Beyond the refresh rate, the LTPO technology opens a door that's been closed to iPhone users: an Always-On Display. Android phones have had this for years—your lock screen showing the time, battery level, and notifications without waking the full display. Apple is expected to finally bring this to iPhones, using the same approach. The dynamic refresh rate means the screen can stay on without becoming a battery vampire.

The broader iPhone 13 lineup is shaping up with other upgrades too. All four models are rumored to get larger batteries. The A15 Bionic chip powering them is already in production and will be slightly more efficient than the A14 in the iPhone 12. The cameras are getting bigger sensors and new lenses, including sensor-shift optical image stabilization. The notch is shrinking. Storage goes up to 1TB. The design is refined but familiar.

What matters most is that Samsung's LTPO production starting now means the pieces are in place for Apple to finally match what Android flagships have been doing for years—and to do it without the battery penalty that made it impossible before. The September launch is coming, and the Pro models will have the screens to prove it.

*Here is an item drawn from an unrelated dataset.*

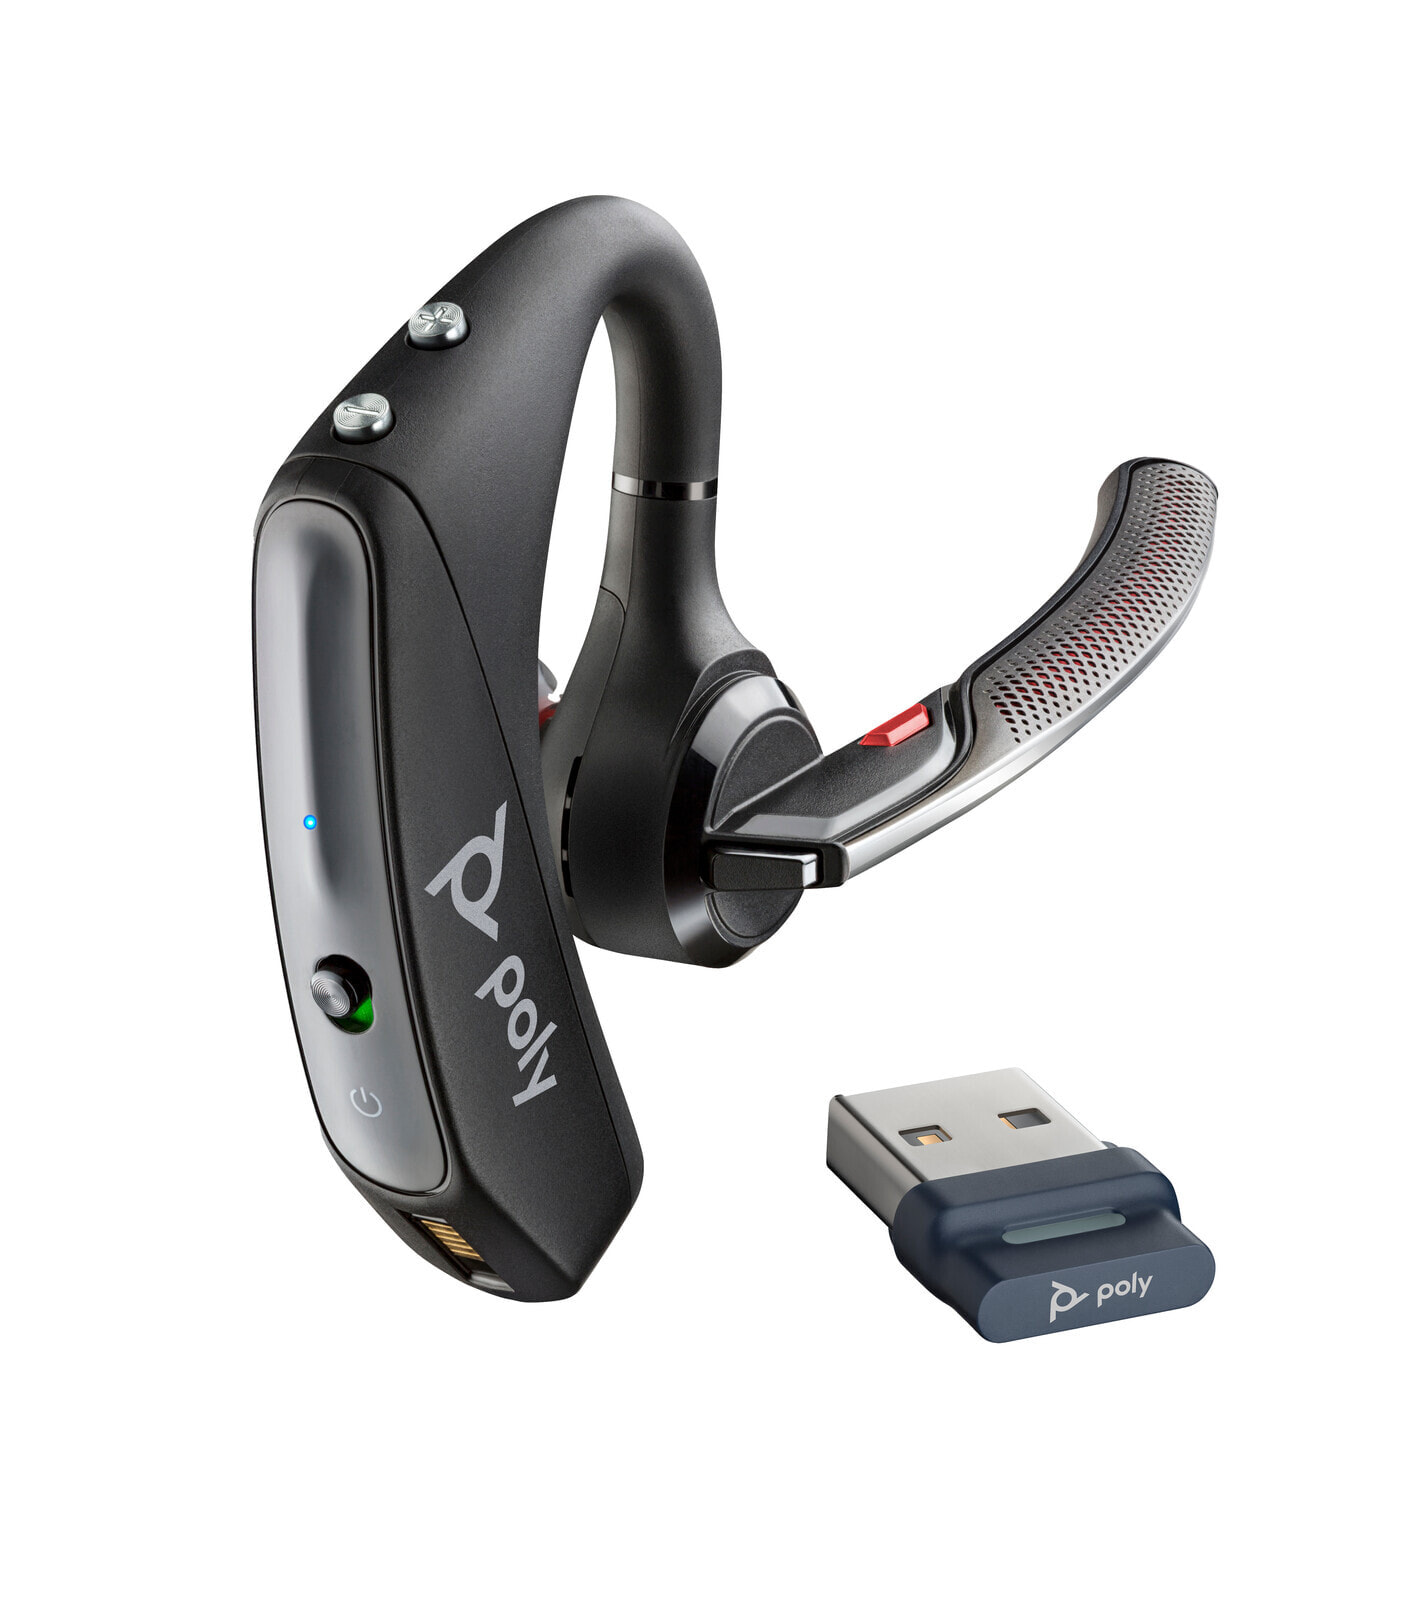 Voyager 5200 - Wireless - Car/Home office - Headset - Black
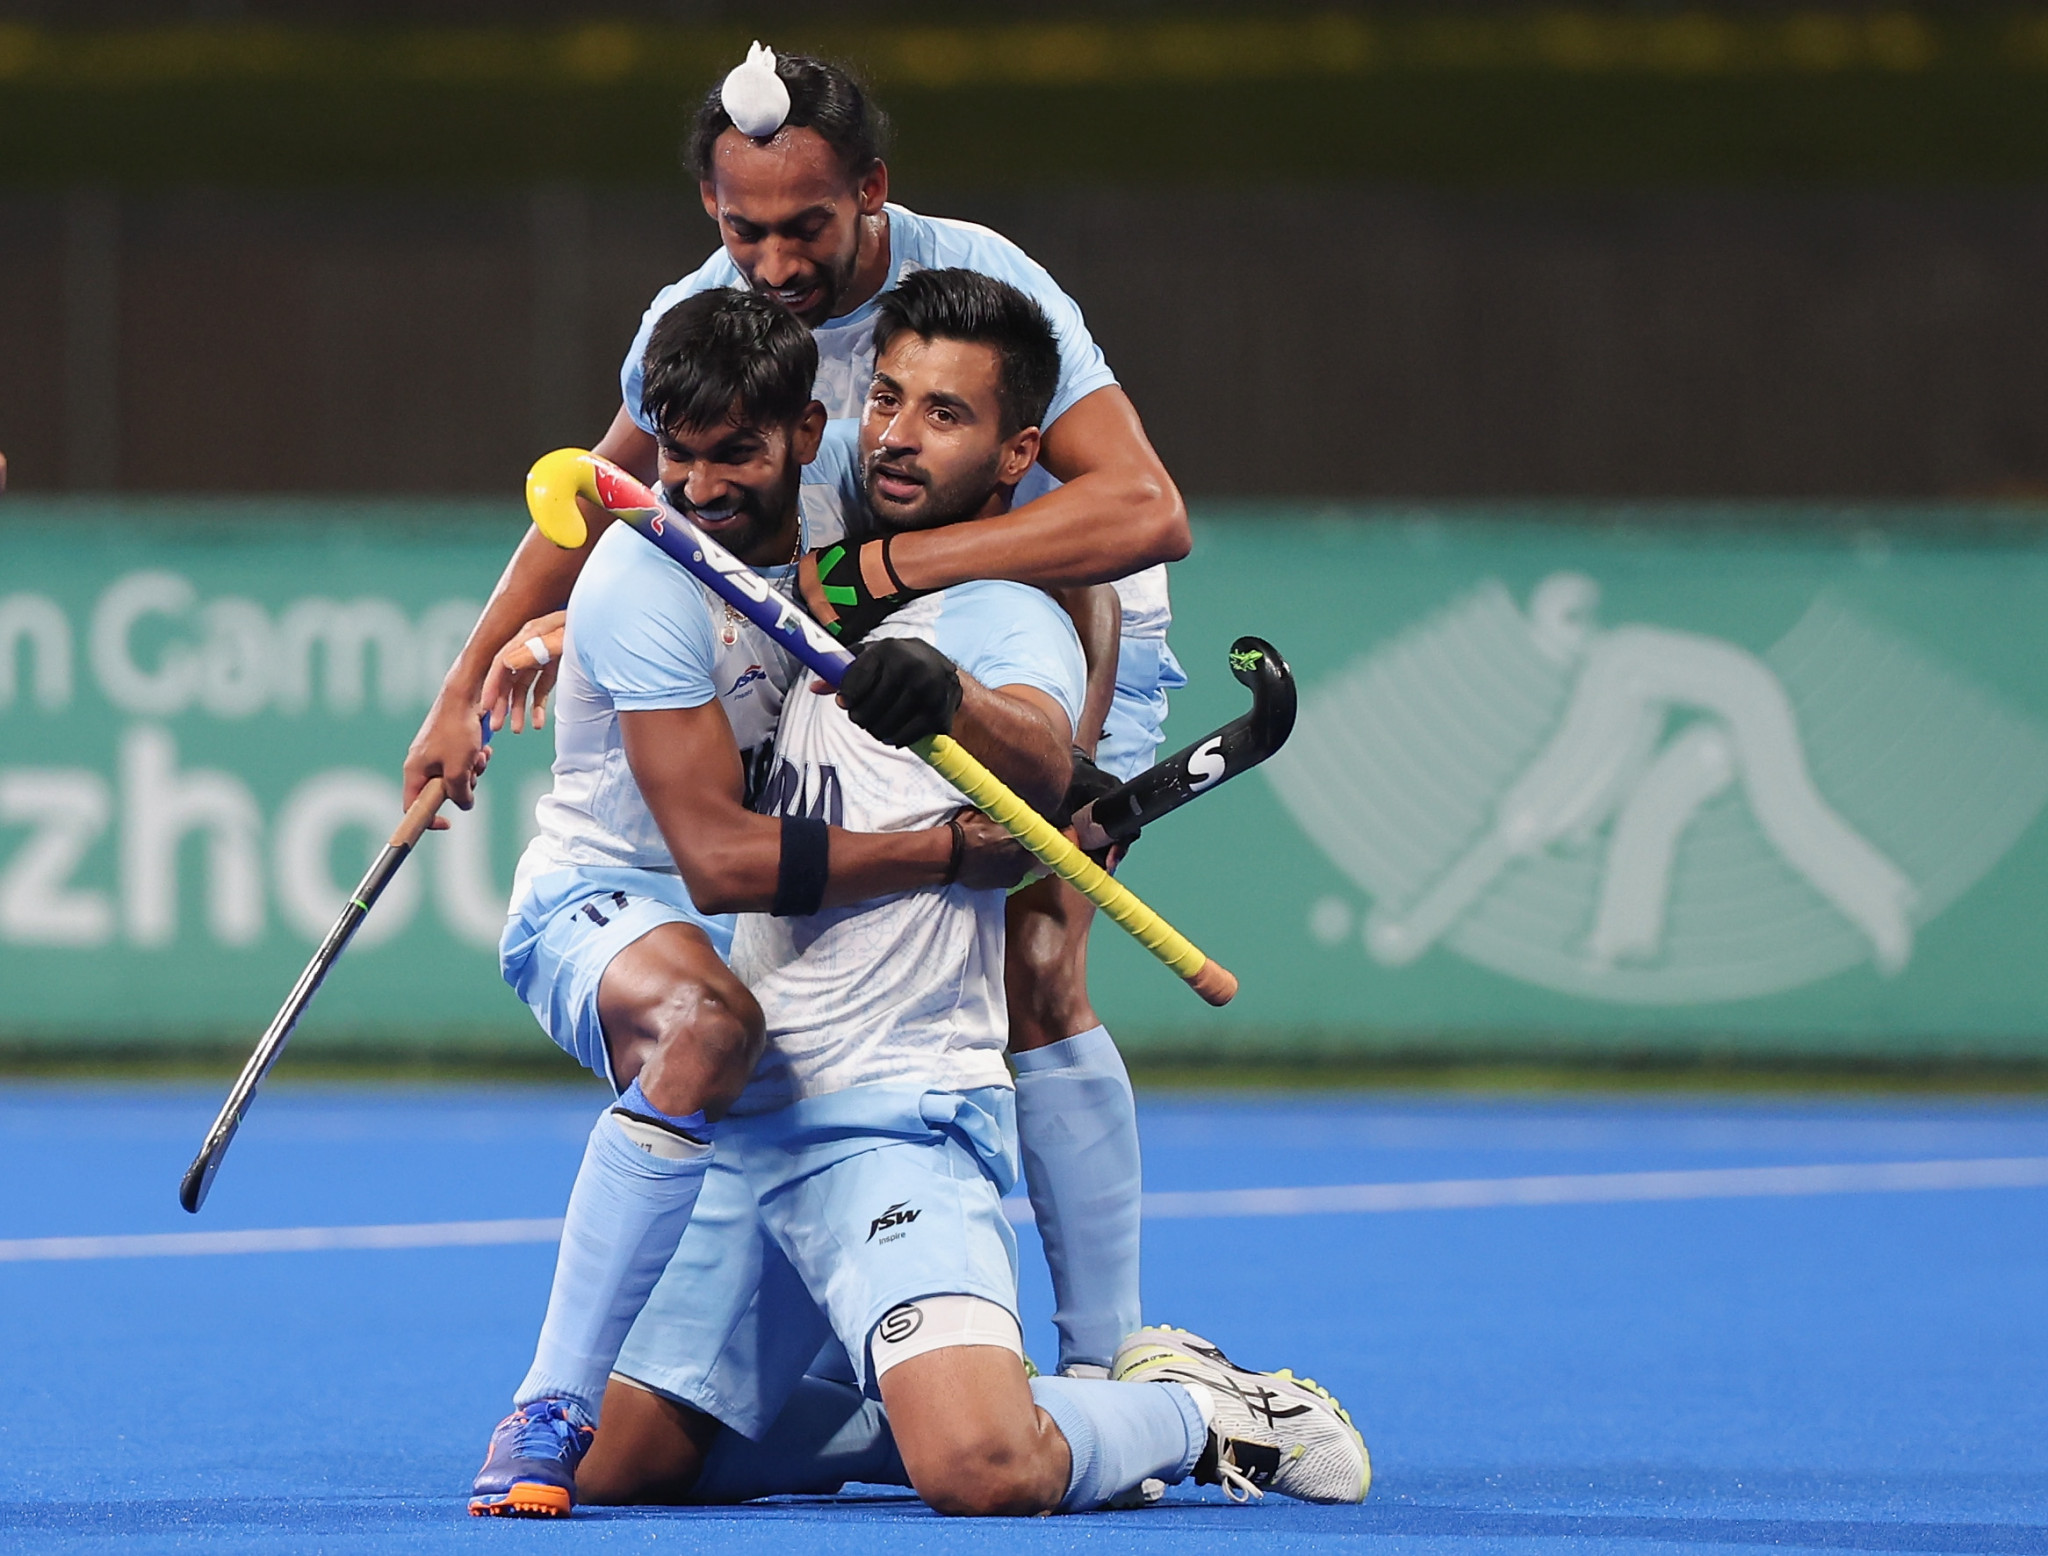 Indian Men's Hockey Team Triumphs at Asian Games 2022, Secures

Apple had considered putting a 120Hz screen in the iPhone 12, but worried that pairing it with 5G would drain the battery too quickly
— industry reports
LTPO enables a screen to dynamically change its refresh rate according to content being displayed, optimizing power consumption
— technology analysts
The Hearth Conversation Another angle on the story
Inventor

Why did Apple skip 120Hz on the iPhone 12 if Samsung already had the technology working?

Model

The problem wasn't the technology—it was the battery math. A 120Hz screen running all the time is a power hog. Add 5G on top of that, and you're looking at a phone that dies by dinner. Apple decided it wasn't worth the tradeoff.

Inventor

But LTPO solves that?

Model

Exactly. LTPO doesn't run at 120Hz all the time. It drops to 10Hz when you're just reading text, jumps to 120Hz when you need it. The screen is smart about it. That 20 percent efficiency gain is real.

Inventor

So this is just Samsung catching up to what Android already does?

Model

Not quite. Samsung's been using LTPO since the Note 20 Ultra. Apple is the one catching up. But Apple's version will probably be more refined—they tend to polish these things until they feel invisible.

Inventor

What about the Always-On Display rumor?

Model

That's the real unlock. With LTPO, you can leave the lock screen on without destroying your battery. Android phones have had this forever. iPhone users have been waiting.

Inventor

Does the earlier production start mean anything?

Model

It means the supply chain is healing. Last year was chaos—pandemic delays, the whole iPhone 12 launch pushed back a month. This year, Samsung and LG are starting a month earlier than they did last year. Apple's probably confident enough to stick with September.

Inventor

Will the base iPhone 13 feel like it's missing something without 120Hz?

Model

Maybe. But LG's 60Hz panels are fine for most people. The Pro is where you pay for the smoothness. That's always been Apple's playbook.